For the algorithm to work properly, the program must save the values of these two variables before making the recursive call, and then restore those values when the call finishes. QuickSort can call itself recursively many times, so the program may need to save many copies of #j and #n. To have the program do this, add a #level variable that maintains the depth of recursion. In this example, a helper array, Qsort, is used to hold multiple values of #j and #n.
The QuickSort procedure takes three arguments. The first is the recursion level (or depth), which is #level, as previously described. The second and third arguments are the beginning and end of the range of rows to be sorted. Each time QuickSort calls itself, the range gets smaller. The main procedure starts QuickSort by calling it with the full range of rows.

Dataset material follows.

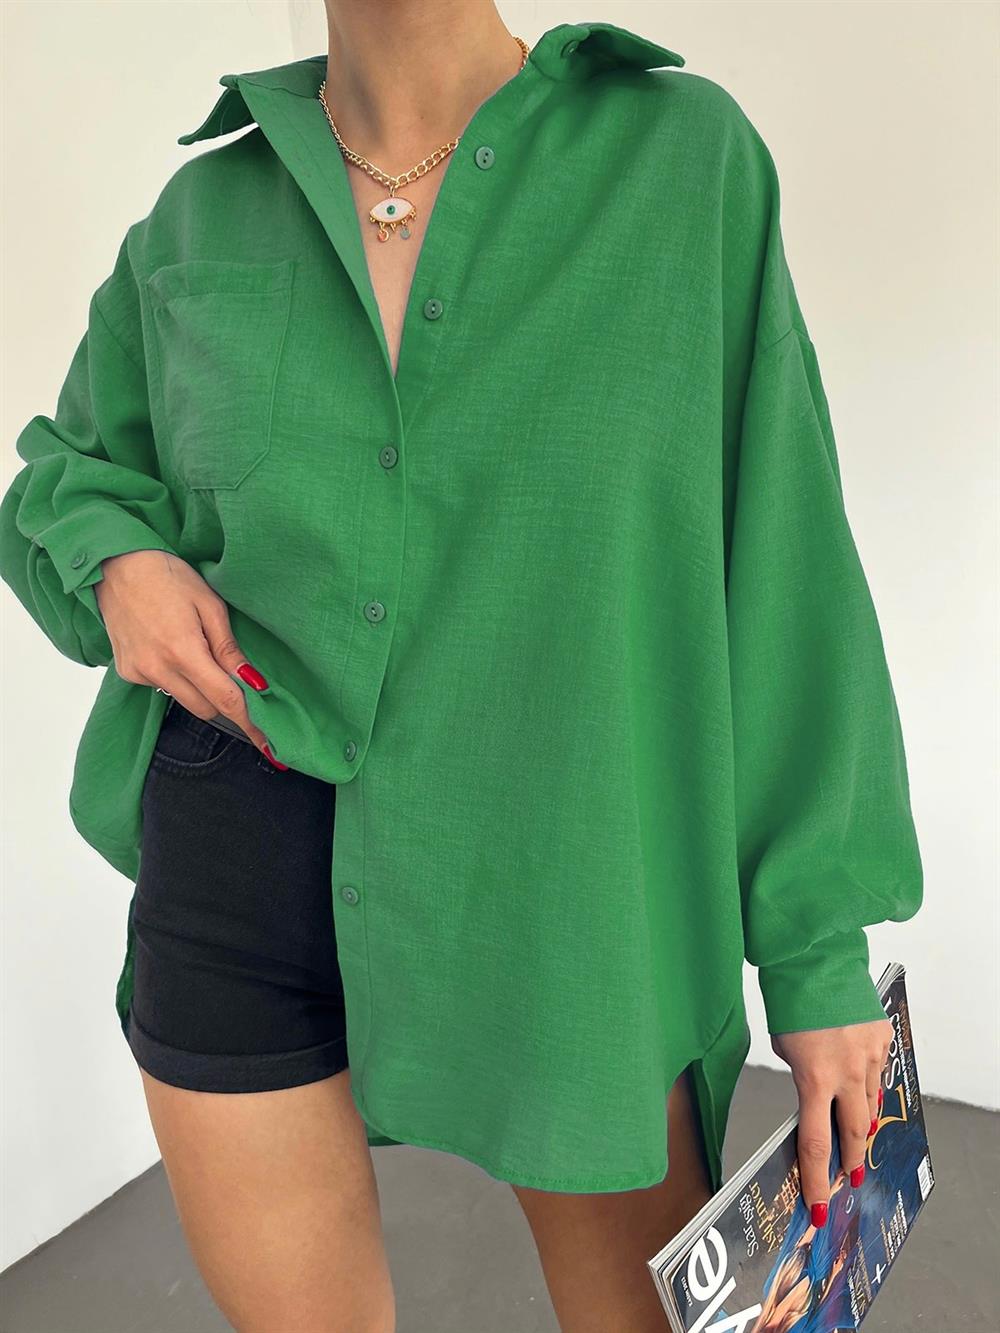 Kolu Çift Düğmeli Arkası Uzun Salaş Gömlek -Yeşil - 246-1443-R35 | ŞAMDAN  Marka Gömlek Modelleri | Kadın Tesettür Giyim - KaliteMall.com

The QSortSwap procedure swaps two rows in customer_array. Typically, rows with a lower key value are moved up.
The QuickSort and QSortSwap procedures in ex24a.sqr refer to customer_array and its fields. If you plan to use these procedures to sort an array in your applications, you must change these references to the applicable array and fields. The QuickSort procedure sorts in ascending order.
SQR and Language Sensitive Sorting
SQR does not natively support National Language Sensitive sorting. SQR compares characters based on Unicode codepoint, and sorting based on Unicode codepoint does not correctly sort order language-sensitive data.
The QuickSort procedure does not support National Language Sensitive character string sort. The comparisons are simple string comparisons based on Unicode codepoint used internally in SQR to represent string data. For instance, the following code lines from the preceding code sample would sort data in Unicode codepoint order. Unicode codepoints are not ordered to make a correct sorting order of any language.
while #i <= #j and customer_array.name(#i) < $key and while #j >= 0 and customer_array.name(#j) > $key
If you want to sort string data in SQR, you may need to write a National Language Sensitive character string comparison and add that to SQR. The QuickSort procedure will then be modified in the following way:
while #i <= #j and NLS_STRING_COMPARE(customer_array.name(#i),$key) while #j >= 0 and NLS_STRING_COMPARE($key,customer_array.name(#j))
An alternative to an array is a flat file. You can use a flat file when the required array size exceeds the available memory.
The code example in the previous section can be rewritten to use a file instead of an array. The advantage of using a file is that the program is not constrained by the amount of memory that is available. The disadvantage of using a file is that the program performs more input and output (I/O). However, it may still be faster than performing another SQL statement to retrieve the same data.
This program uses the UNIX/Linux sort utility to sort the file by name. This example can be extended to include other operating systems.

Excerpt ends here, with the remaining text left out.